Re: Avg performance for int8/numeric

From
Bruce Momjian
Date:
Mark Kirkwood wrote:
> Bruce Momjian wrote:
> > I have tested this patch but it generates regression failures.
> >
> > There was some code drift, so I am attaching an updated version of the
> > patch, and the regression diffs.  The 'four' column is an 'int4' so my
> > guess is that somehow the wrong aggregate is being called.
> >
>
> Good catch - I must have neglected to run the regression test after
> amending the number of array arguments for the numeric avg :-(.
>
> Hmmm - this changing the number of array args for avg means we can't mix
> transition functions for variance with final functions for avg - which
> is exactly what the regression suite does with the 'newavg' aggregate.

Yea, I was just looking at this and came to same conclusion.
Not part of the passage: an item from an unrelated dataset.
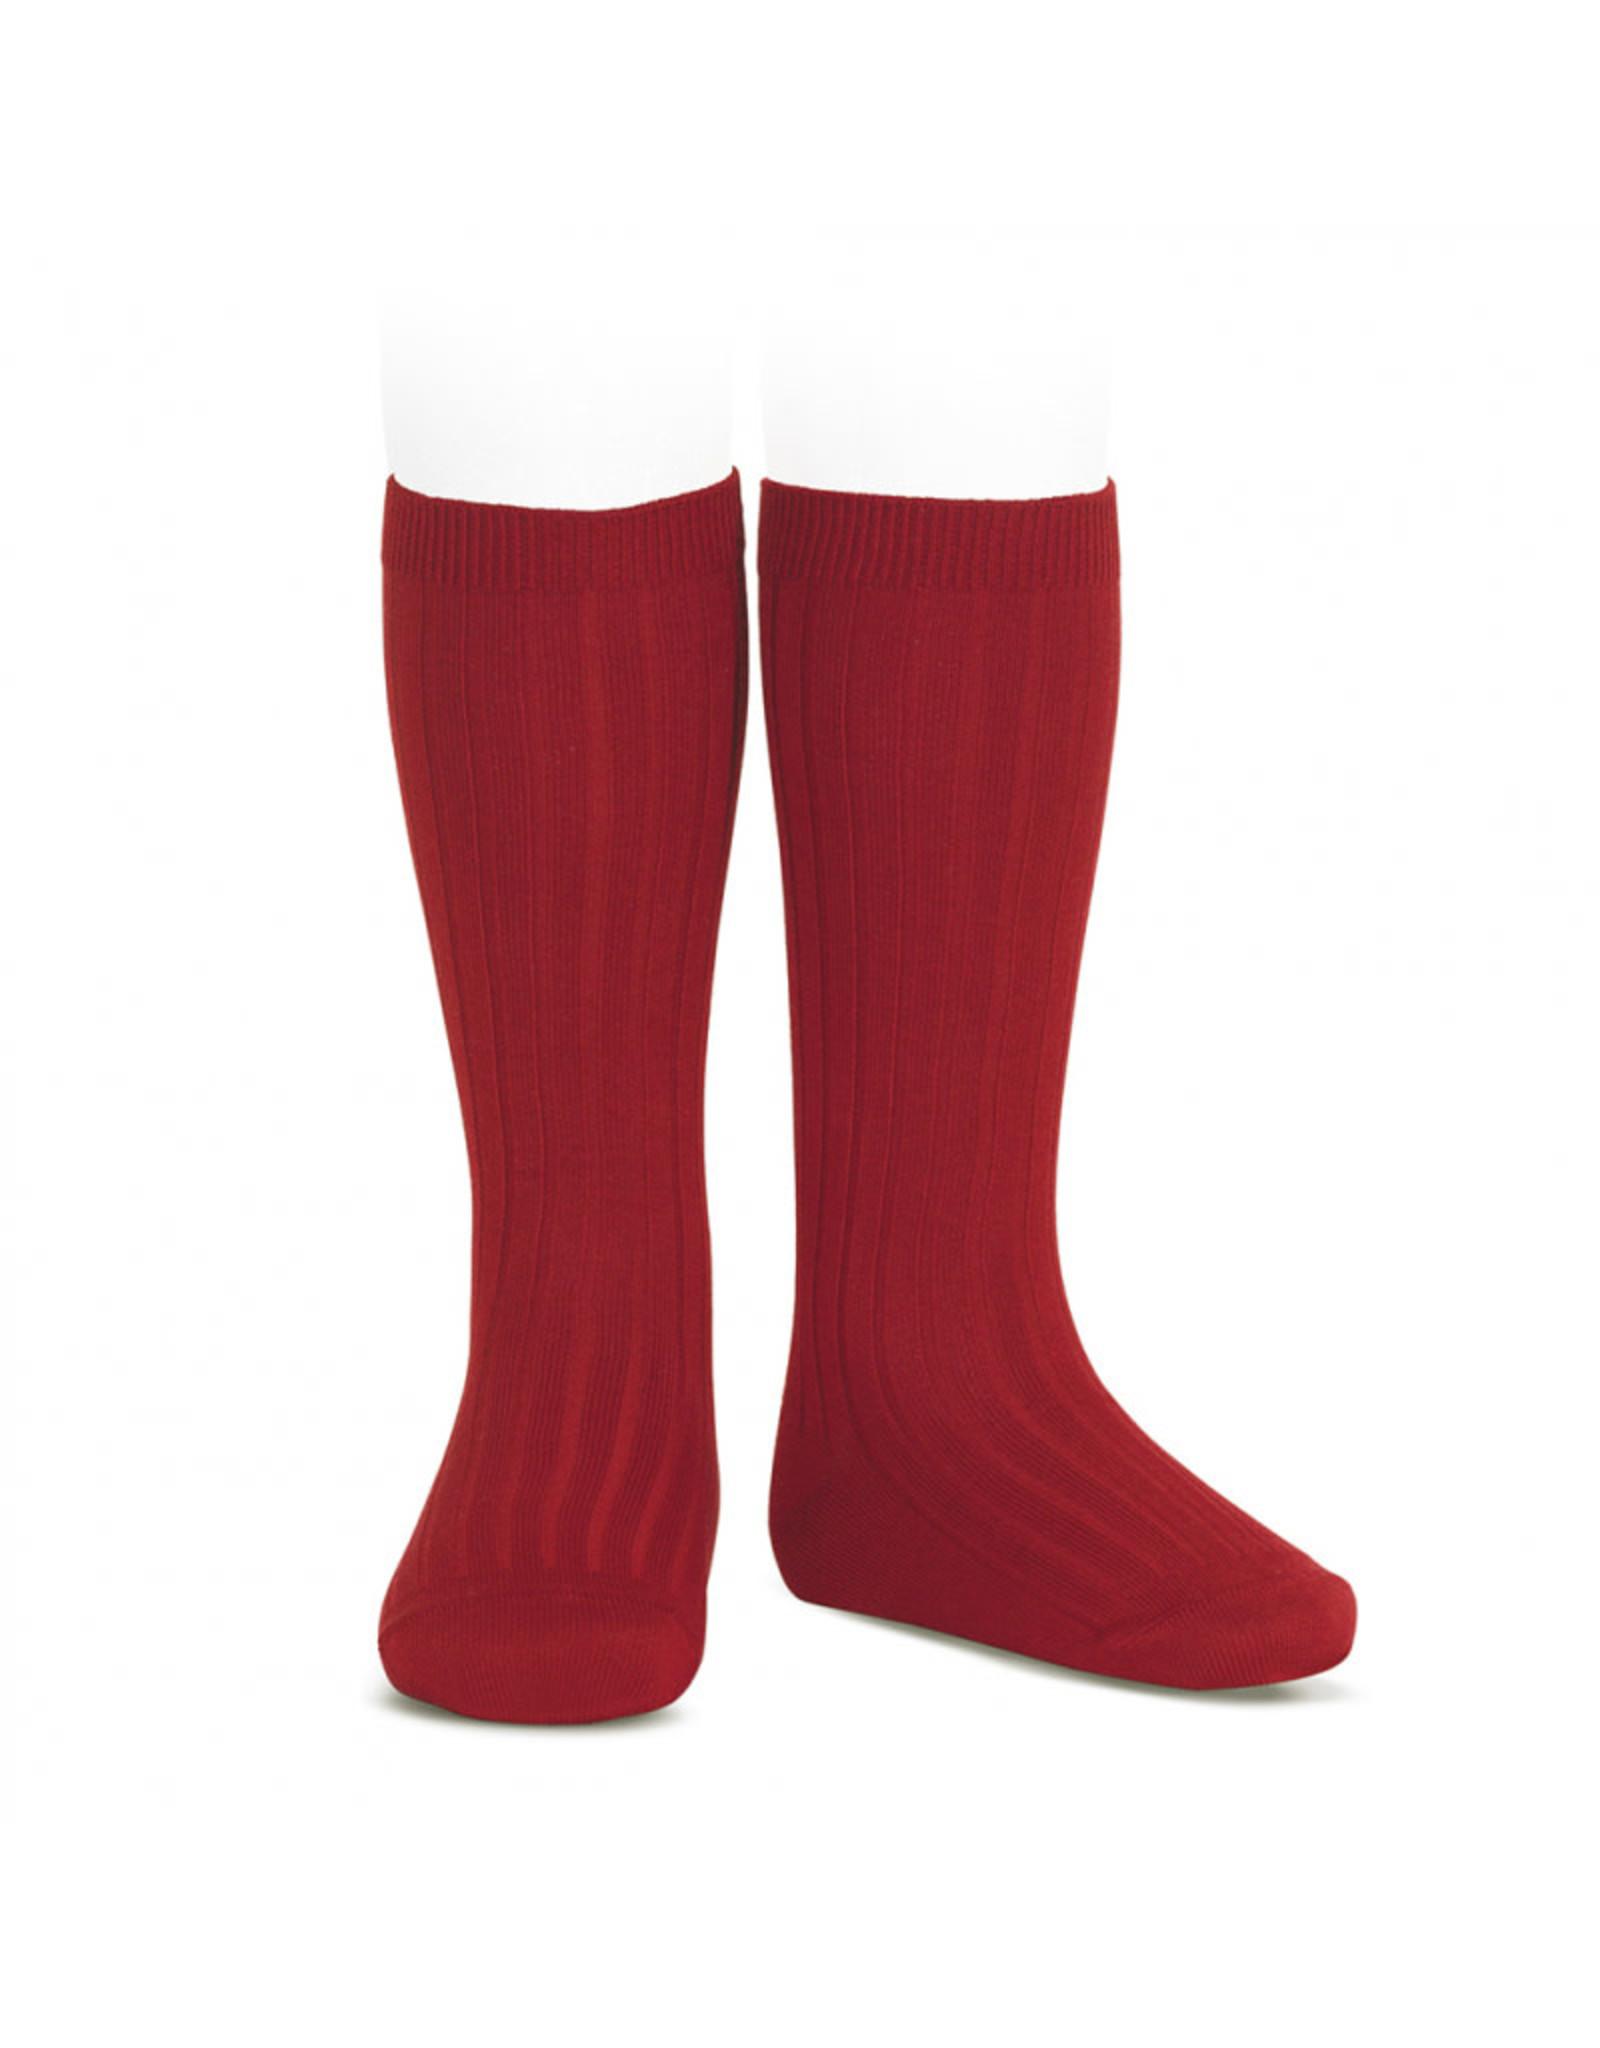 CONDOR Cherry Ribbed Knee Socks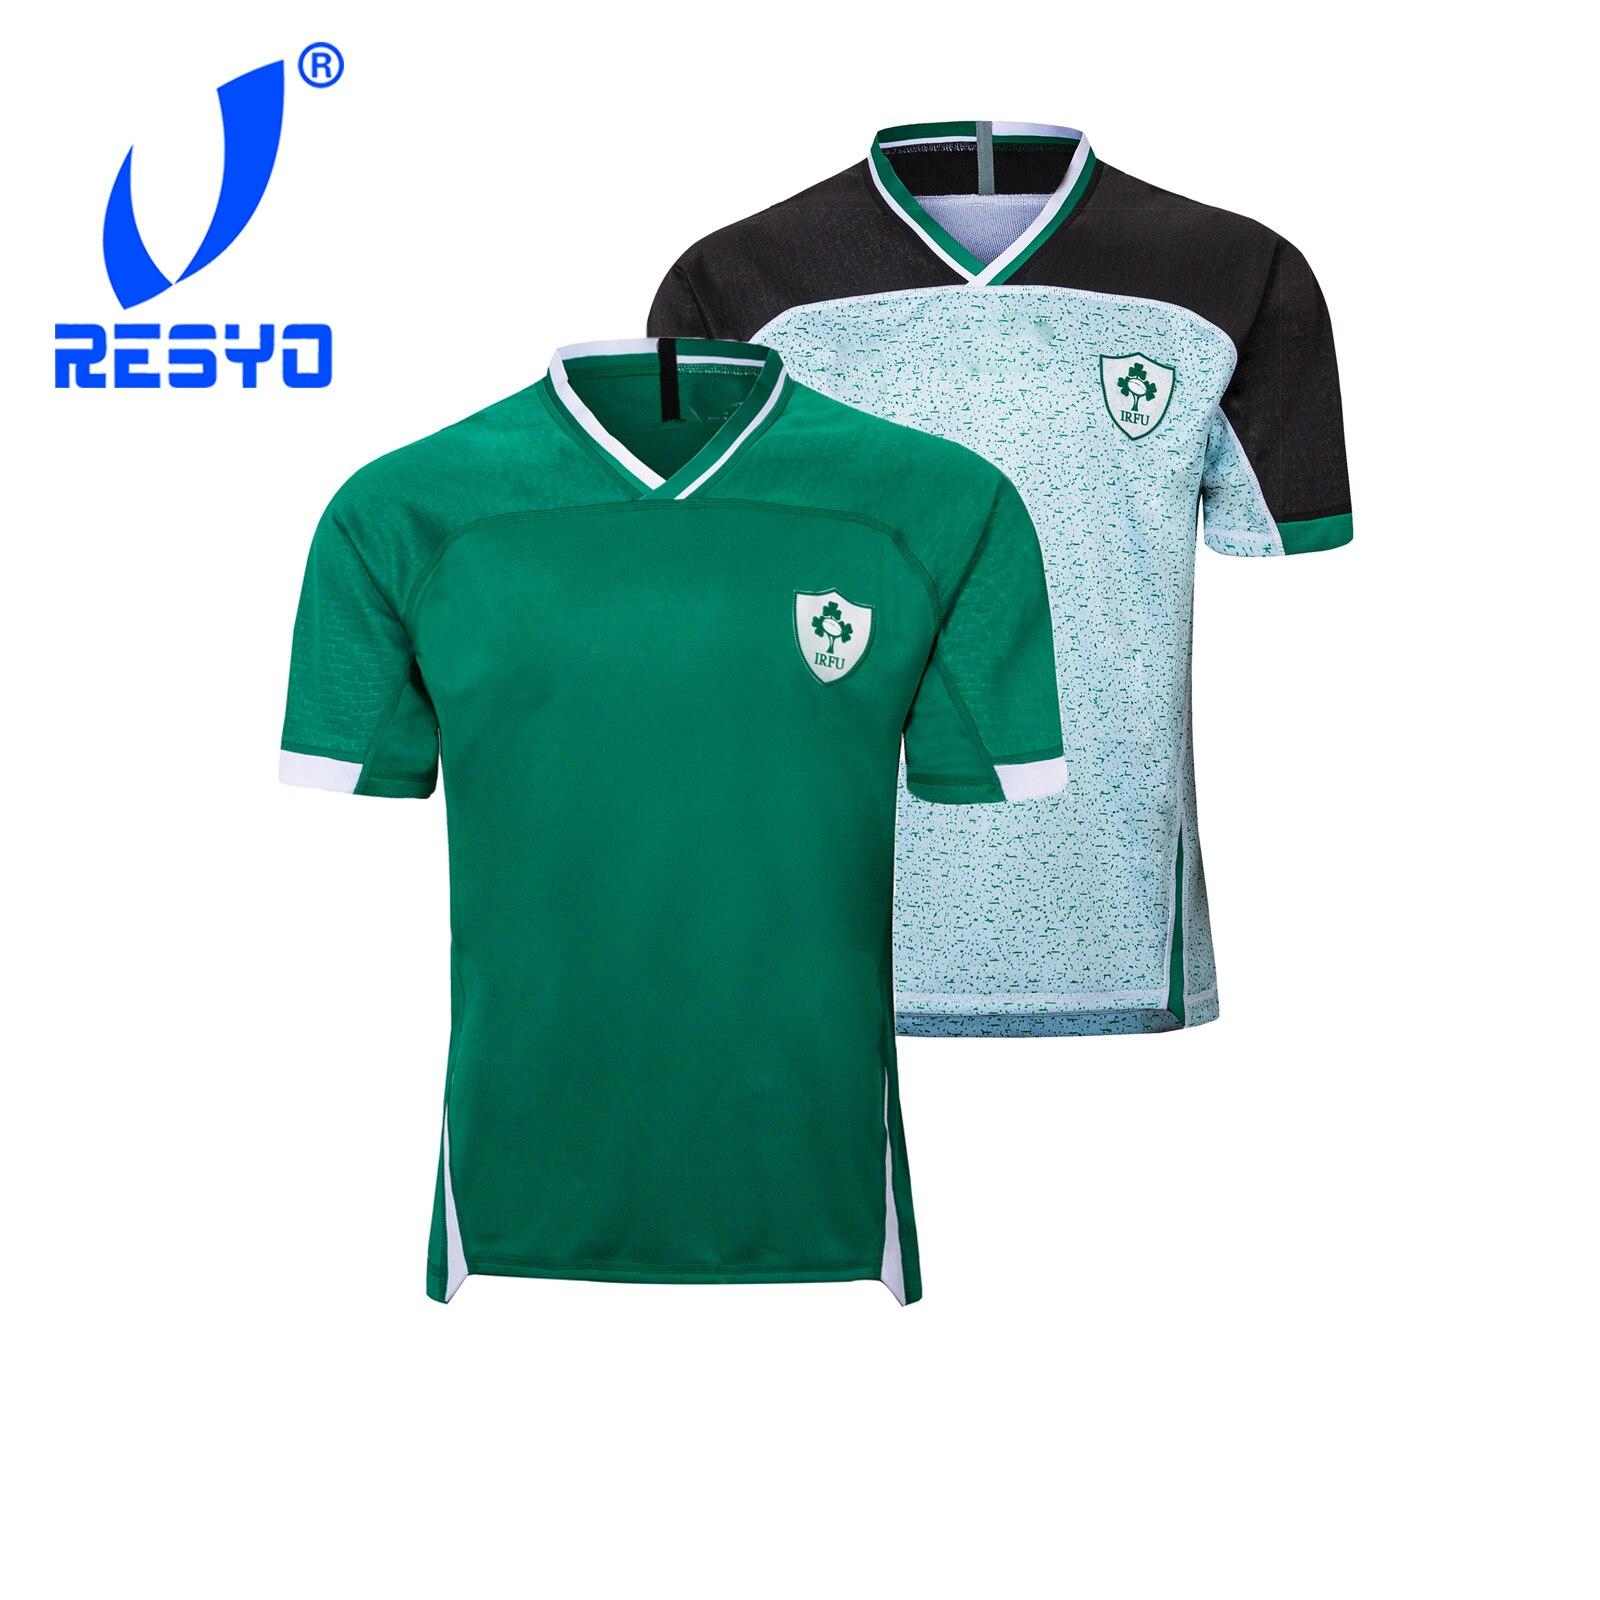 Мужская спортивная рубашка RESYO, RWC, Джерси для регби, S-5XL, 2019

> I've 'fixed' this by amending the definition of 'newavg' to use the
> transition and final function that 'avg' does. However I found myself
> asking if this lost us the point of that test - so I looked back at the
> older postgres versions (e.g. 7.1.3) and saw that back *then* 'newavg'
> and 'avg' were defined using the same functions...so I think making the
> change as indicated is ok.
>
> I've attached a new patch with this change.

OK, great, will apply.

--
  Bruce Momjian  <bruce@momjian.us>          http://momjian.us
  EnterpriseDB                               http://www.enterprisedb.com

  + If your life is a hard drive, Christ can be your backup. +

Re: Avg performance for int8/numeric

From
Bruce Momjian
Date:
Patch applied.  Thanks.

---------------------------------------------------------------------------


Mark Kirkwood wrote:
> Bruce Momjian wrote:
> > I have tested this patch but it generates regression failures.
> >
> > There was some code drift, so I am attaching an updated version of the
> > patch, and the regression diffs.  The 'four' column is an 'int4' so my
> > guess is that somehow the wrong aggregate is being called.
> >
>
> Good catch - I must have neglected to run the regression test after
> amending the number of array arguments for the numeric avg :-(.
>
> Hmmm - this changing the number of array args for avg means we can't mix
> transition functions for variance with final functions for avg - which
> is exactly what the regression suite does with the 'newavg' aggregate.
>
> I've 'fixed' this by amending the definition of 'newavg' to use the
> transition and final function that 'avg' does. However I found myself
> asking if this lost us the point of that test - so I looked back at the
> older postgres versions (e.g. 7.1.3) and saw that back *then* 'newavg'
> and 'avg' were defined using the same functions...so I think making the
> change as indicated is ok.
>
> I've attached a new patch with this change.
>
> Cheers
>
> Mark


--
  Bruce Momjian  <bruce@momjian.us>          http://momjian.us
  EnterpriseDB                               http://www.enterprisedb.com

  + If your life is a hard drive, Christ can be your backup. +